Felix Martin. Money: The Unauthorized Biography. New York: Alfred A. Knopf, 2014. 320pp. ISBN 978-0-307-96243-0, $27.95 (cloth); 978-0-307-96244-7, $10.99 (e-book).

Even though Felix Martin’s Money chiefly chronicles money’s past and Edward Castronova’s Wildcat Currency more obviously addresses its future, the two books have much in common. Both announce themselves as heterodox works and largely reject the assumptions about money that undergird mainstream economics and dominate political discourse today.1 Although neither book is clearly Marxist or avowedly Keynesian—that is, neither identifies with a named, alternative “school” of economics—both are largely chartalist in outlook (they see states playing a necessary and legitimate monetary role) and are especially attuned to conflicts between private and public money. That both books are also in some ways about technology is another important similarity, albeit one that highlights their differences in focus—for whereas Castronova’s book considers online games and virtual realities conventionally defined as “high tech,” Martin sees all money (from coins to banknotes to debit cards) as constituting a social technology. Castronova does not deny that money is socially significant any more than Martin ignores changes in material form, but the two books emphasize very different points. That they come to structurally similar conclusions is, therefore, all the more significant.
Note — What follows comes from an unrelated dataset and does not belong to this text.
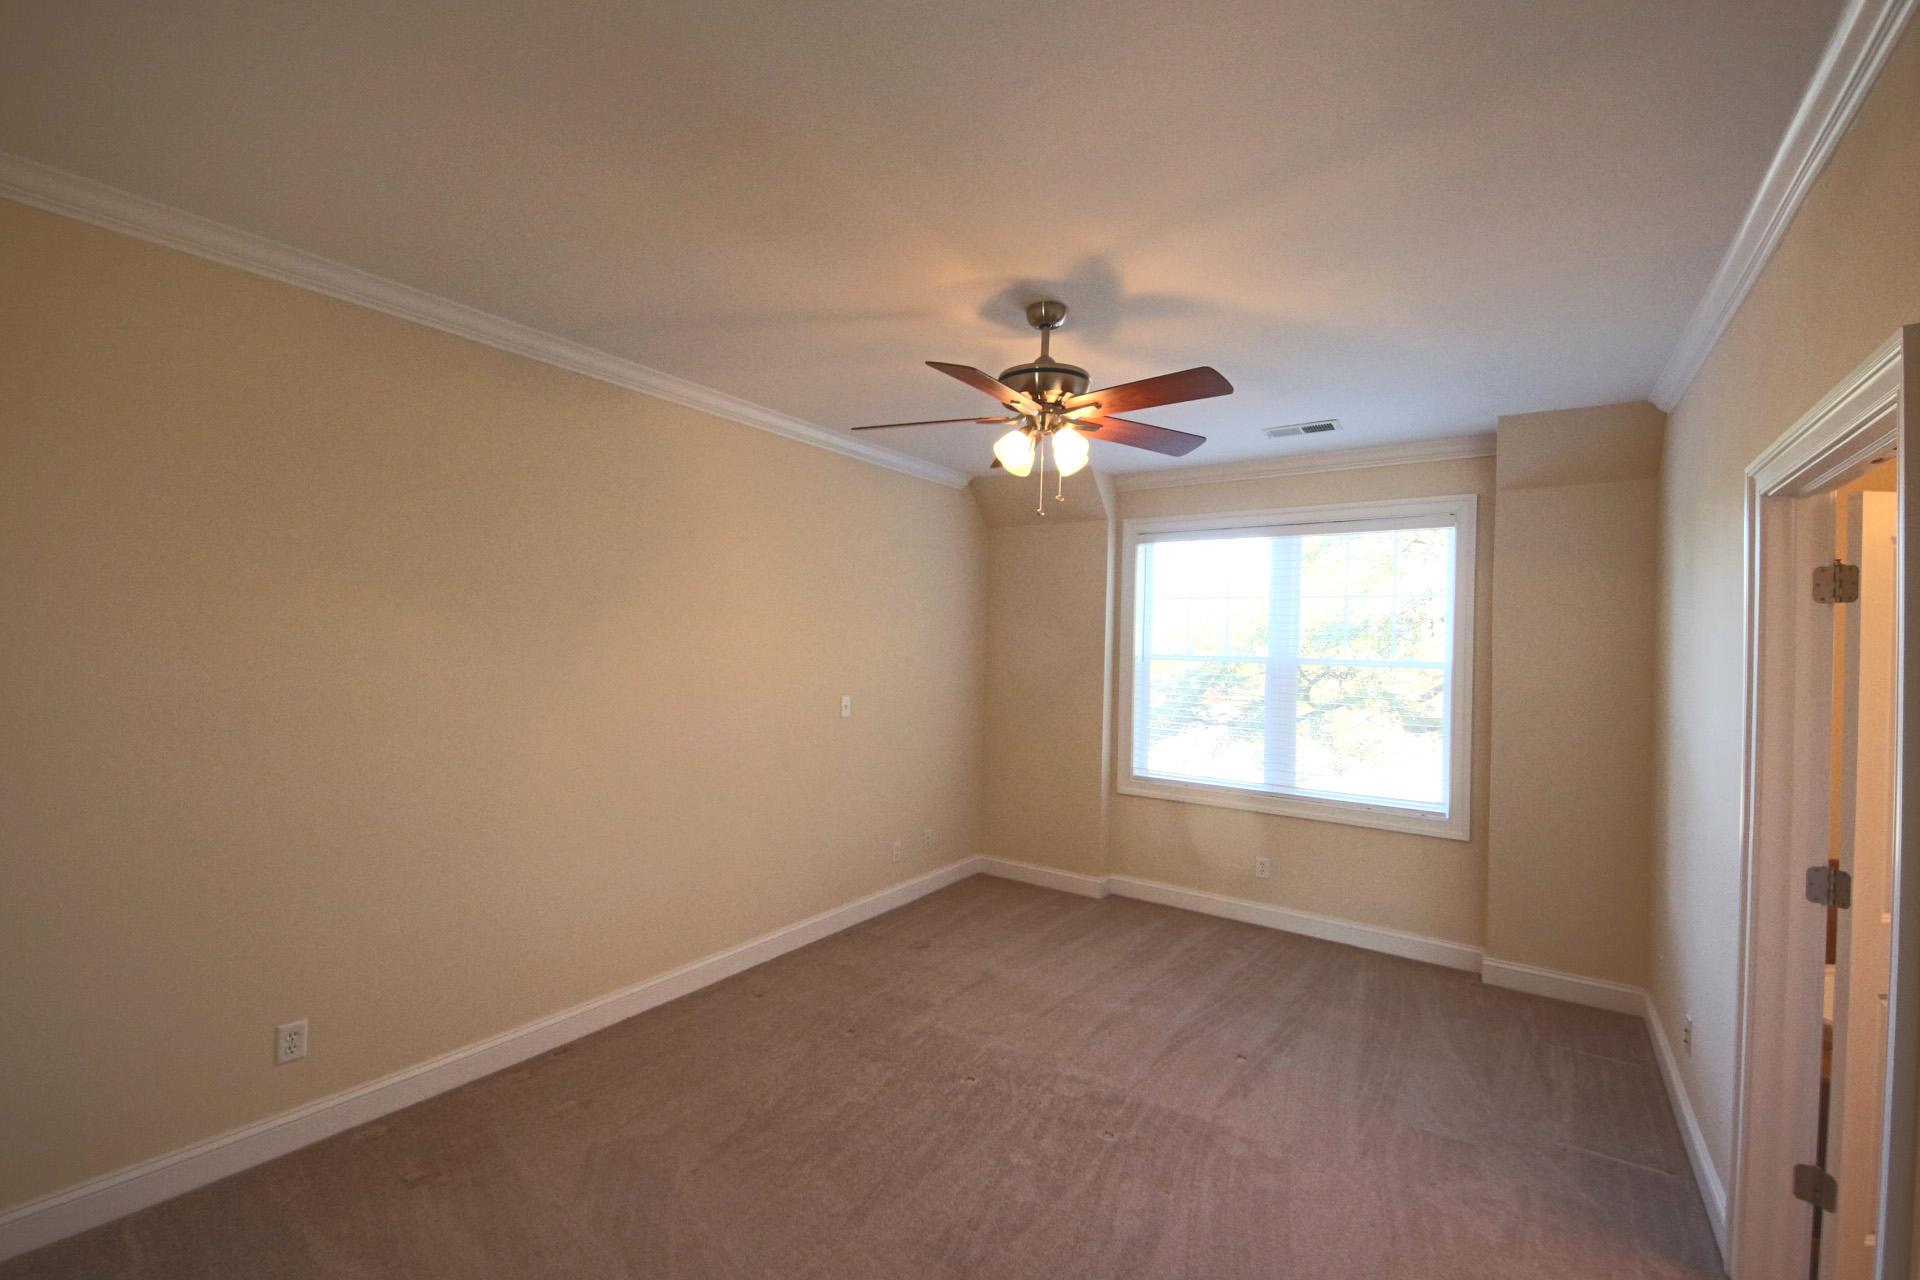 17. Master Bedroom
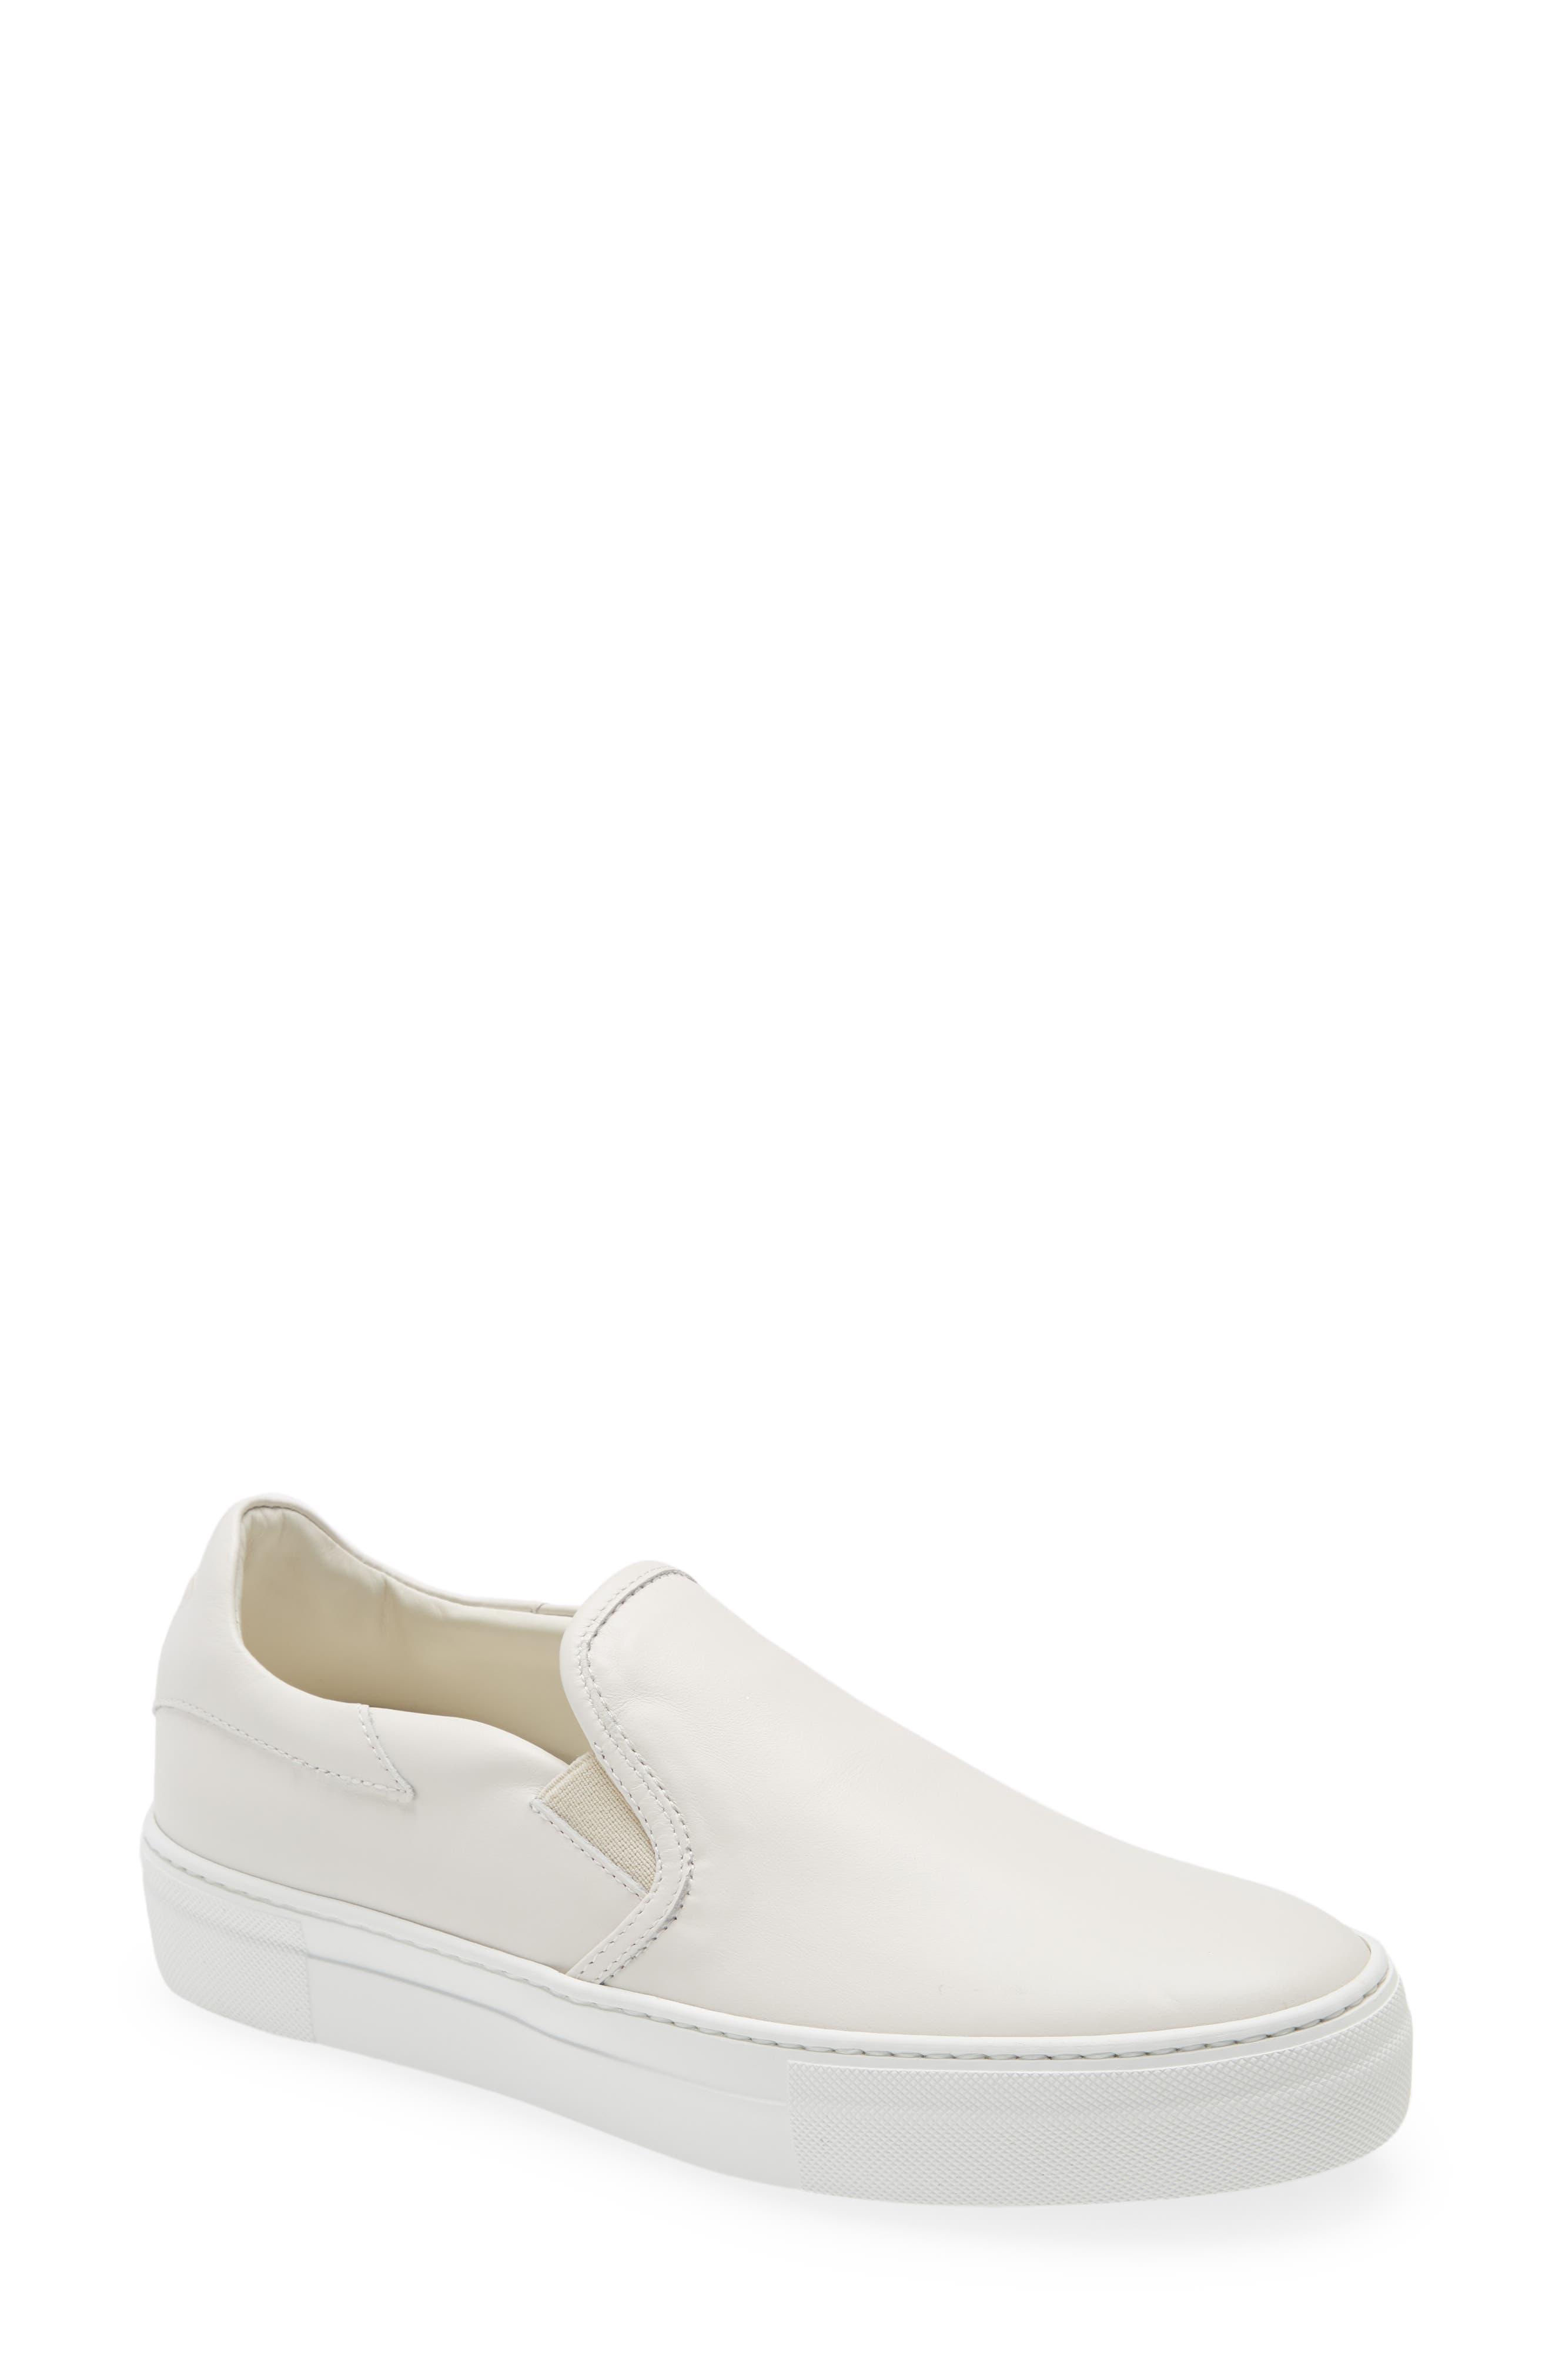 Icon Slip-On Sneaker

Wildcat Currency takes as its inspiration the “parallel” economies of online games and virtual realities. For those of us who do not play EVE Online (a game of battling spaceships set in the distant future in a free-market galaxy far, far away), have never had a Second Life avatar, and have amassed nary a DKP (Dragon Kill Point), SIK (Sturdy Iron Key), [End Page 957] or ISK (the currency used in EVE Online), Castronova’s specific examples are, at the very least, intriguing. If nothing else, the book effectively makes the point that millions of people worldwide have emotional and monetary investments in forms of wealth and sorts of productivity (better armor, stronger love potions, faster warp drives, and so on) that are not part of any country’s GDP. In one sense, these game currencies are, like frequent-flyer miles or the points issued by various retailers’ reward schemes, a “special-purpose” money—a currency that can be used to acquire only one specific set of goods. Insofar as money is usually defined as a general equivalent, then one might say that these virtual currencies are not really money at all.2 Castronova’s more striking point, though, is that these alternate realities are not completely isolated from the day-to-day economy: Game players who want DKPs or other such currencies can either earn them in the game or they may buy them from other players outside the game in transactions denominated in “real” money. In the latter case, some sort of exchange rate must be established between the two currencies. For a game’s developers, the rising or falling value of its currency on these exchanges is an important economic indicator—one that, according to Castronova, they interpret in quite orthodox, quantity-theory inspired terms (falling value means too much money in the system, rising value means too little). Whereas a central bank’s response to high unemployment or rapid inflation is always mediated by politics, no such dynamic is at work in the absolutist state that is any game world. If there is too little money in the system, developers can easily inject more by releasing an update in which each slain dragon is worth twice as many gold pieces (or by increasing the number of dragons in the system); if there is too much, the update might introduce a bounty hunter’s fee to be paid by a player whenever he or she kills a beast.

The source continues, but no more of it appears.